◆ **TASK STATEMENT**: Among the lines below, the one containing "FBI Twitter Account" opens the range and the one containing "The 11 Best Gifts for Teen Girls Under $50" closes it. Print that range exactly, without the pictures.

◆ **RECORDS TO USE**:
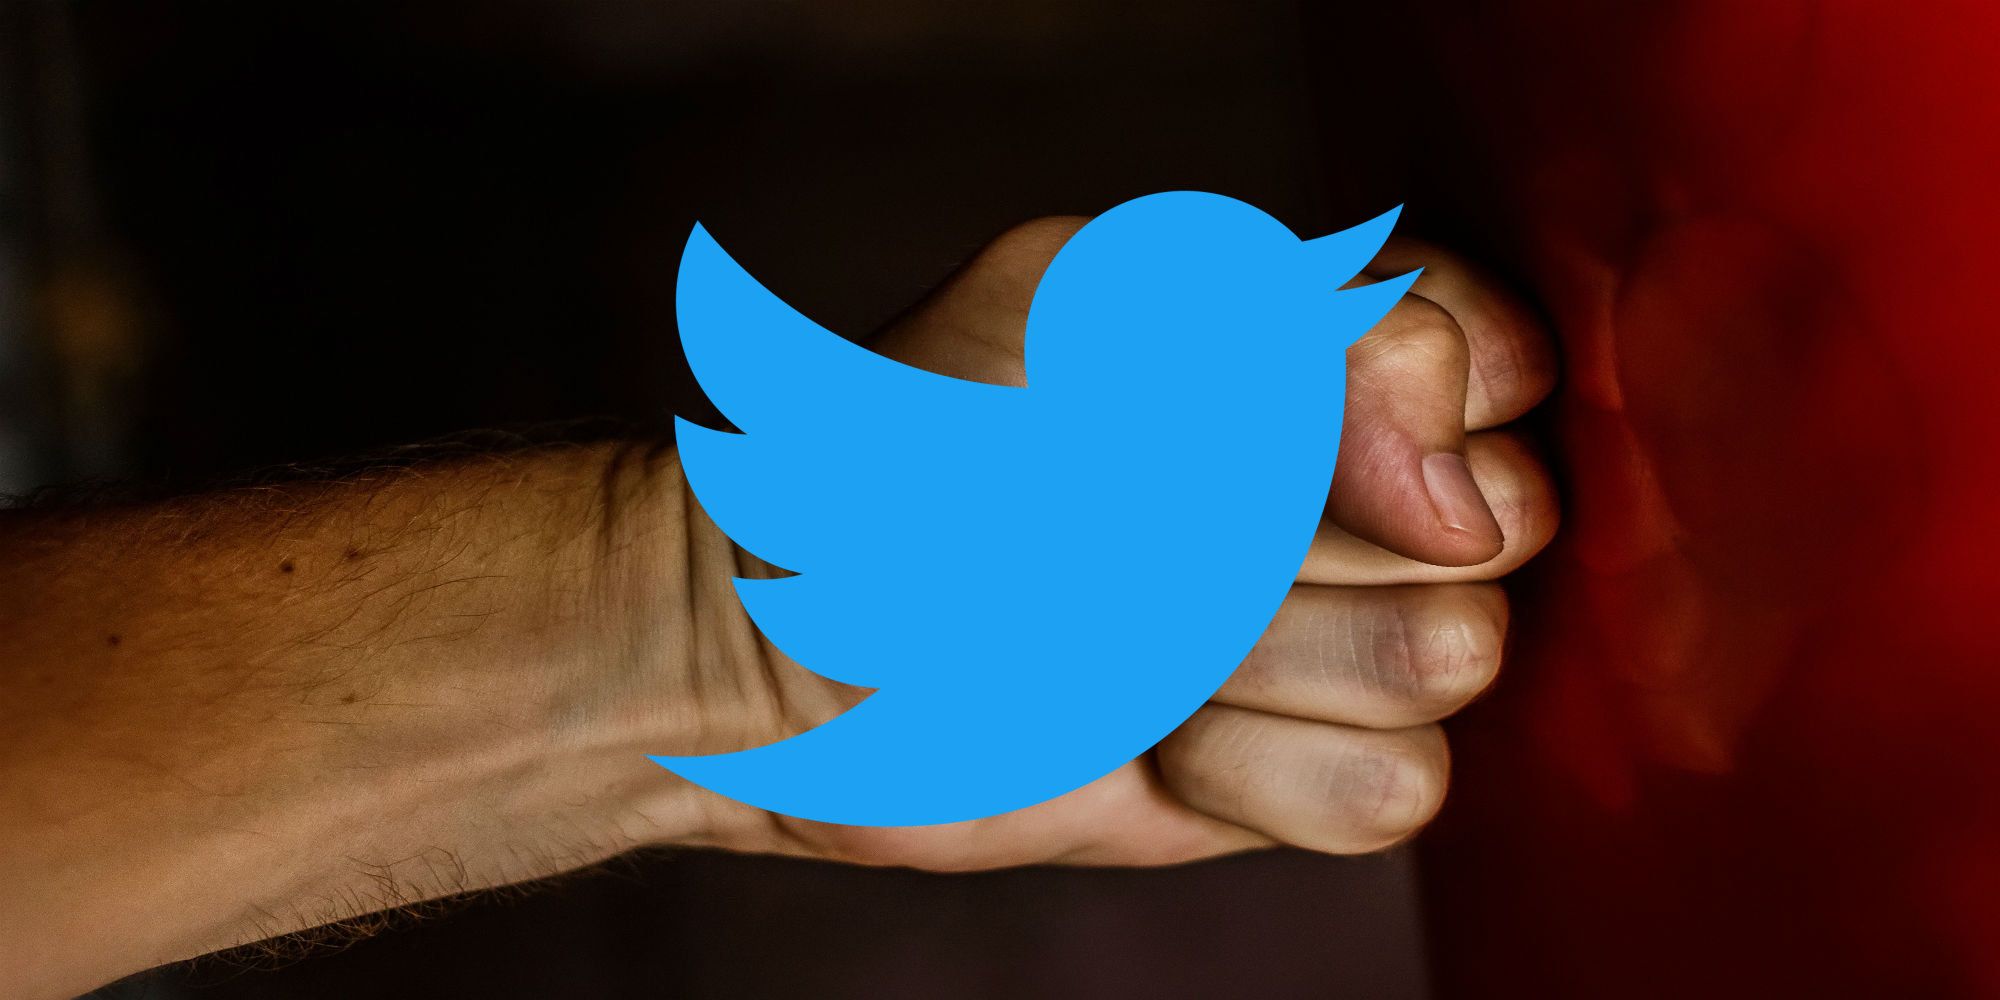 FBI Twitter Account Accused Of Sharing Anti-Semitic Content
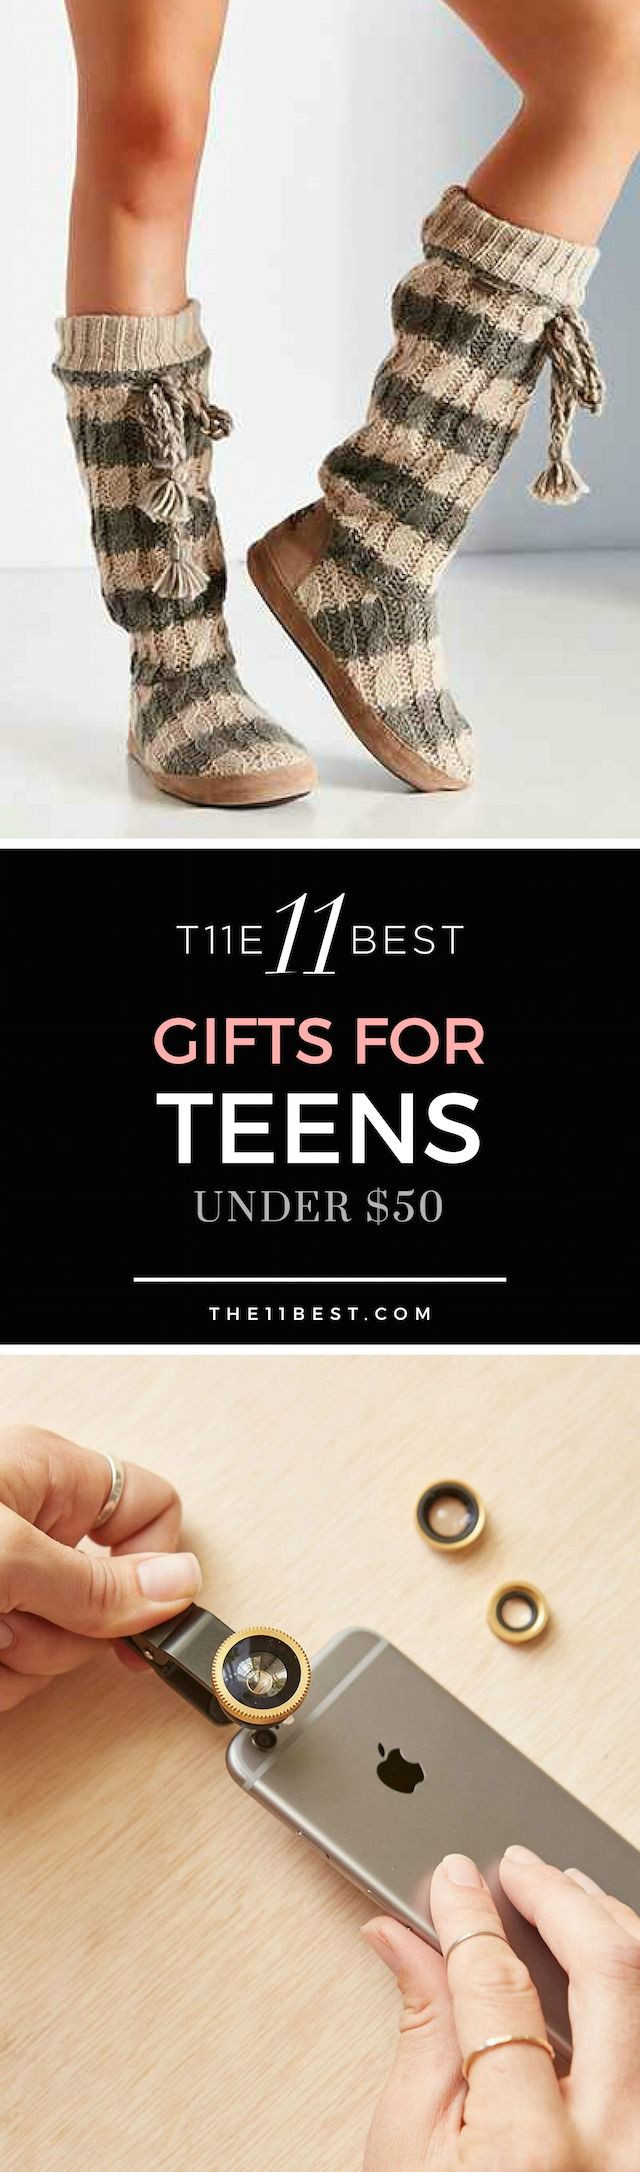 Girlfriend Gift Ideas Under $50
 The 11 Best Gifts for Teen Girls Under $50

...

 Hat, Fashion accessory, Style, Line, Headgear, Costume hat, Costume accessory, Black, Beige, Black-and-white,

◆ **OUTPUT FOR THIS TASK**:
 FBI Twitter Account Accused Of Sharing Anti-Semitic Content
 Girlfriend Gift Ideas Under $50
 The 11 Best Gifts for Teen Girls Under $50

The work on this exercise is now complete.